Но у меня за два года полного одиночества в голове что-то путалось: реальное стушевывалось… возможное и невозможное странно перемещались, и невозможное казалось как будто бы возможным…
Что же, быть может, и казнят? Или казнить будут не меня, а товарищей, а меня поставят рядом, чтоб я видела и испытала. Почему же нет? Ведь было же так с Достоевским и другими!..[1] Отчего бы не повториться!..
Но почему же «присяжный» сказал: «Одевайтесь теплее!» Значит, повезут куда-то, повезут далеко, и будет холодно. Но куда же, куда?!
На большую площадь, залитую народом и где стоит эшафот?.. Или в Сибирь? Посадят в сани между двумя жандармами, и мы помчимся от Петербурга до рудников Кары, где находятся женщины, осужденные раньше…[2]
…На дворе стояла осень, и еще накануне снега не было, но валенки и шуба рисовали непременно снежную равнину, сани и тройку…
В сопровождении жандармов я прошла коридор, и мы спустились по лестнице в комнату перед кордегардией[3]. Там у стола стоял смотритель в своей тужурке, а подле окна спиной ко мне какой-то человек, плотный и приземистый, в штатском.
— Дайте руку! — сказал смотритель.
Я протянула, ничего не понимая.
Мгновенно человек в темном повернулся ко мне и осторожно взял на минуту мою руку, как берет доктор, щупая пульс.
«Что такое? — подумала я. — Вероятно, это фельдшер! Зачем он? Зачем им мой пульс? Неужели предстоит что-нибудь такое, от чего я могу упасть в обморок!..» Темная, невероятная мысль мелькнула. И я почувствовала, как сердце в груди начало биться все медленнее… Я собрала все силы…
А предполагаемый фельдшер снова повернулся к окну спиной ко мне.
И опять смотритель говорит:
— Дайте руки!
В тот же момент черный субъект стоит лицом к лицу со мной, и в руках у него кольчатая цепь! Страх перед неизвестным сменился яростью перед реальным.

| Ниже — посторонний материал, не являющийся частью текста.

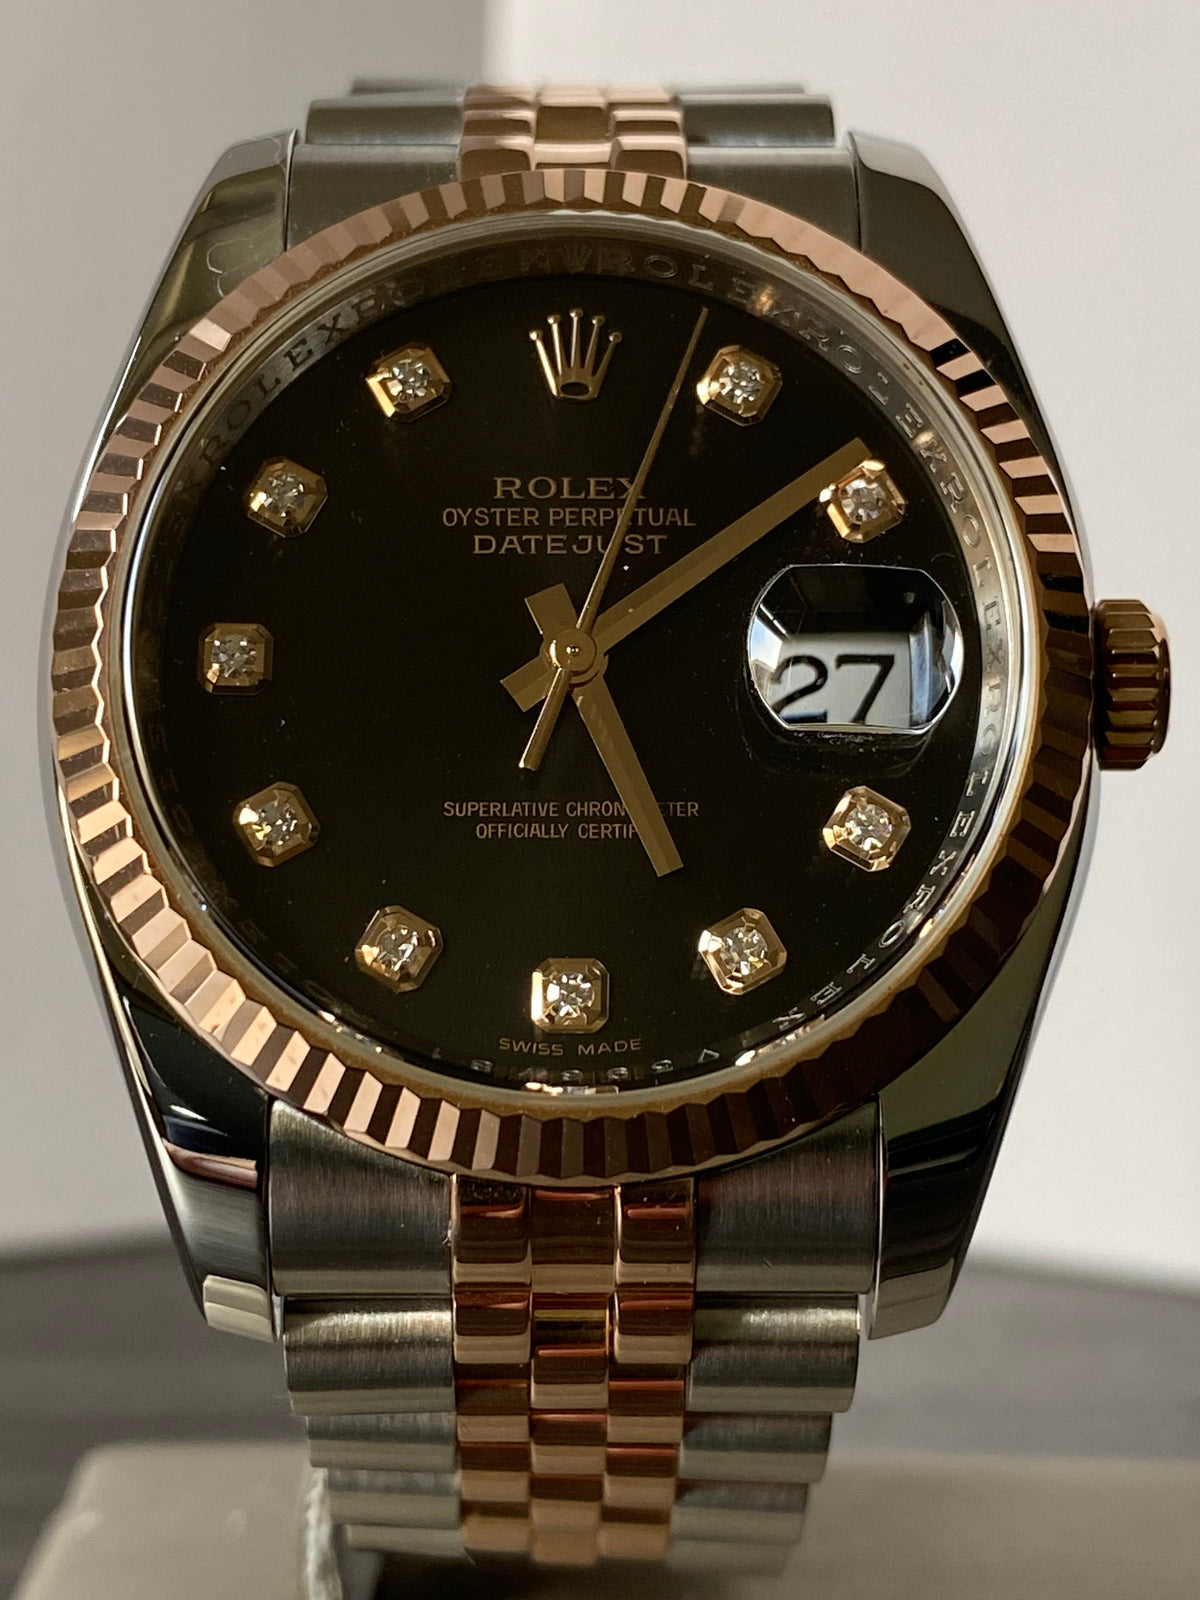 Rolex Steel and Everose Gold Datejust 36 - 2009 - Fluted Bezel - Black Diamond Dial - Jubilee Bracelet - 116231

Бешенство неудержимое охватило меня: «Как! Я, свободная личность! И на меня наденут цепь — эту эмблему рабства!.. Этой цепью хотят сковать мою мысль, мою волю!..»
Вся кровь хлынула куда-то, и в гневе, вся дрожа, я топнула ногой, и, в то время как руки мои связывали, я заговорила с жаром, обращаясь к смотрителю:
— Скажите моей матери!.. Скажите ей, что, что бы со мной ни делали, я останусь все той же!..
— Хорошо, хорошо! — забормотал смотритель почти в испуге.
— И еще скажите, чтоб она не горевала: если будут книги и я хоть что-нибудь буду знать о ней, то большего мне не надо.
— Хорошо! Все скажу… все скажу! — бормотал в смущении смотритель.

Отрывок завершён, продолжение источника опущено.